Mark Haverkamp <[email protected]>

2002-11-20 21:55:11

by Andrew Morton

[permalink] [raw]
Subject: Re: Call trace at mm/page-writeback.c in 2.5.47

Mark Haverkamp wrote:
>
> On Wed, 2002-11-20 at 11:07, Andrew Morton wrote:
> > Mark Haverkamp wrote:
> > >
> > > While running a memory stress workload test on a 16 processor numa
> > > system, I received a number of call traces like the following:
> >
> > What is the workload?
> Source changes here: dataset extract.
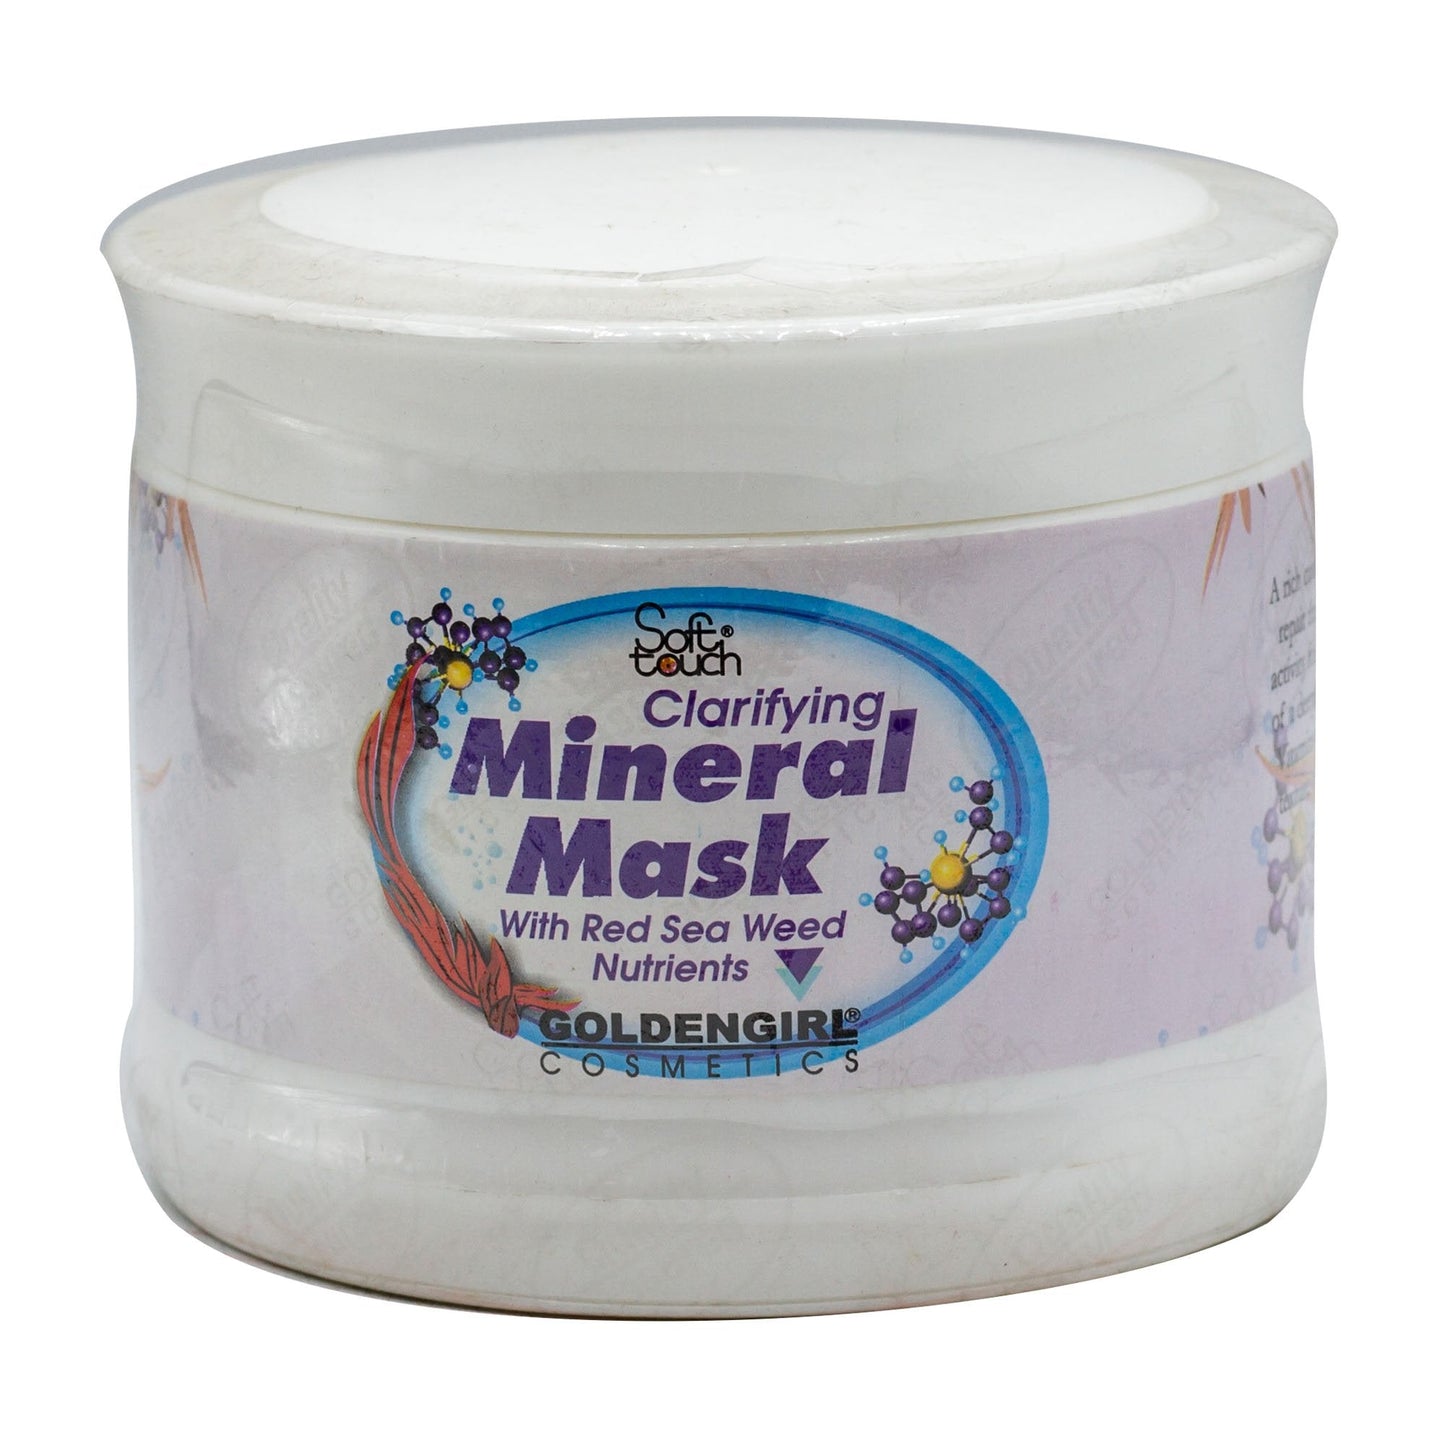 GOLDEN GIRL MINERAL MASK RED SFA WEED NUTRIENTS 500 GM

And in which journalling mode was ext3
> > being used?
>
> I am using bash-shared-mapping and the ext3 journaling mode was the
> default.

OK, thanks. The fact that we actually survive this, on ext3, on
a 16p NUMA-Q is fairly encouraging.

> ...
>
> I get about 10 of these each time I run. Usually after a few minutes of
> run time and all at once. Then no more.

The warning shuts itself up after 10 messages.

> I tried your suggestion and still got the call traces:
>
> buffer layer error at mm/page-writeback.c:559

I shall attempt to reproduce this, thanks.